Автор осмеливается привести высказывание Карло Гоцци (в предисловии к «Re de geni») [ «Il re de geni» («Царь духов, или Верная служанка»), пьеса Карло Гоцци.], в котором говорится, что целого арсенала нелепостей и чертовщины еще недостаточно, чтобы вдохнуть душу в сказку, если в ней не заложен глубокий замысел, основанный на каком-нибудь философском взгляде на жизнь. Утверждая это, автор, конечно, имеет в виду скорее желаемое, а не достигнутое им.

Берлин. Сентябрь 1820 г.

Глава первая

Волшебное действие роскошного платья на молоденькую модистку. — Определение актера, играющего первых любовников. — О сморфии молоденьких итальянок. — Как почтенного вида старичок занимался науками, сидя в тюльпане, а знатные дамы меж ушей мулов вязали филе. — Шарлатан Челионати и зуб ассирийского принца. — Небесно-голубое и розовое. — Панталоне и бутыль с удивительным содержанием.

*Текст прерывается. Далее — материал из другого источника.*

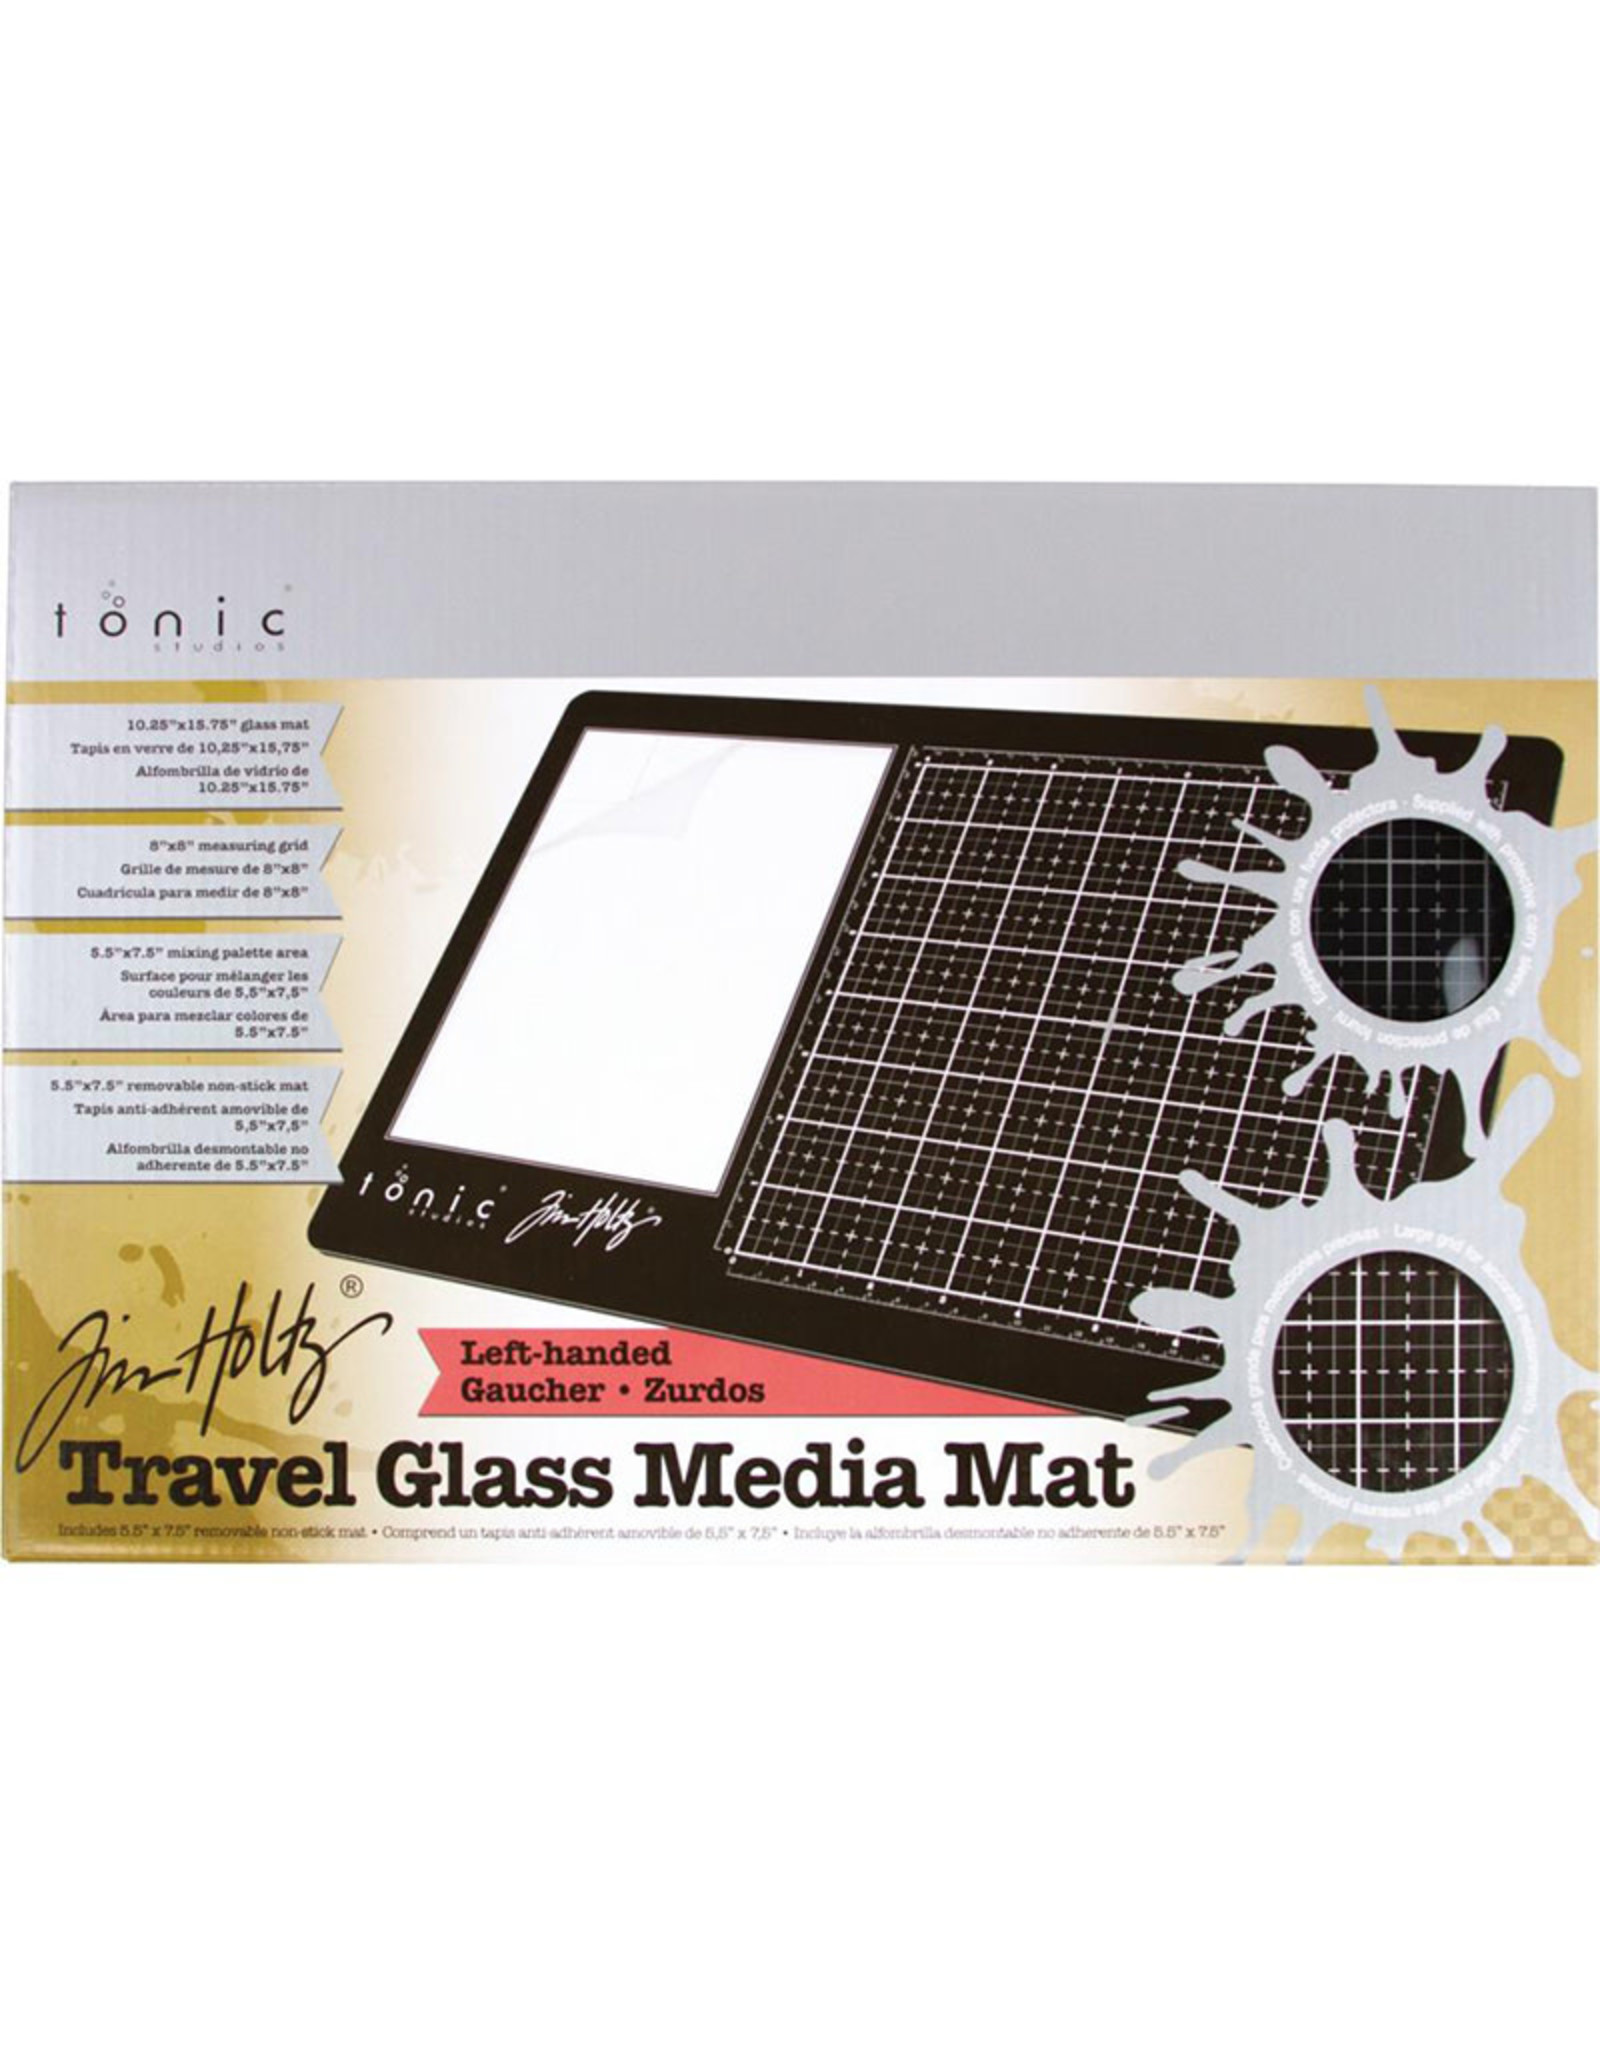 TONIC TONIC STUDIOS TIM HOLTZ GLASS MEDIA MAT TRAVEL LEFT HANDED  10.25''x15.75''

Спустились сумерки, в монастырях зазвонили к вечерне; тут прелестная молоденькая девушка по имени Джачинта Соарди отбросила в сторону роскошное женское платье из тяжелого красного атласа, над отделкой которого усердно работала, и хмуро поглядела из чердачного окошка на узкую, безлюдную улочку.

Тем временем старая Беатриче бережно собрала множество всякого рода и цвета маскарадных костюмов, валявшихся в комнатке по столам и стульям, и все их развесила в ряд. Потом, подбоченившись, встала перед раскрытым шкафом и, весело ухмыляясь, проговорила:

— Ну, Джачинта, славно мы на этот раз поработали! Сдается мне, я вижу перед собой чуть не половину веселящегося Корсо! И то ведь никогда еще маэстро Бескапи не давал нам таких богатых заказов. Он-то знает, что наш прекрасный Рим и нынешний год вовсю блеснет весельем и роскошью. Посмотришь, Джачинта, какое ликование поднимется завтра, в первый день карнавала. И завтра... завтра же маэстро Бескапи насыплет нам в подол целую пригоршню дукатов... посмотришь, Джачинта. Но что с тобой, дитятко, ты повесила голову, горюешь... хмуришься. А ведь завтра карнавал!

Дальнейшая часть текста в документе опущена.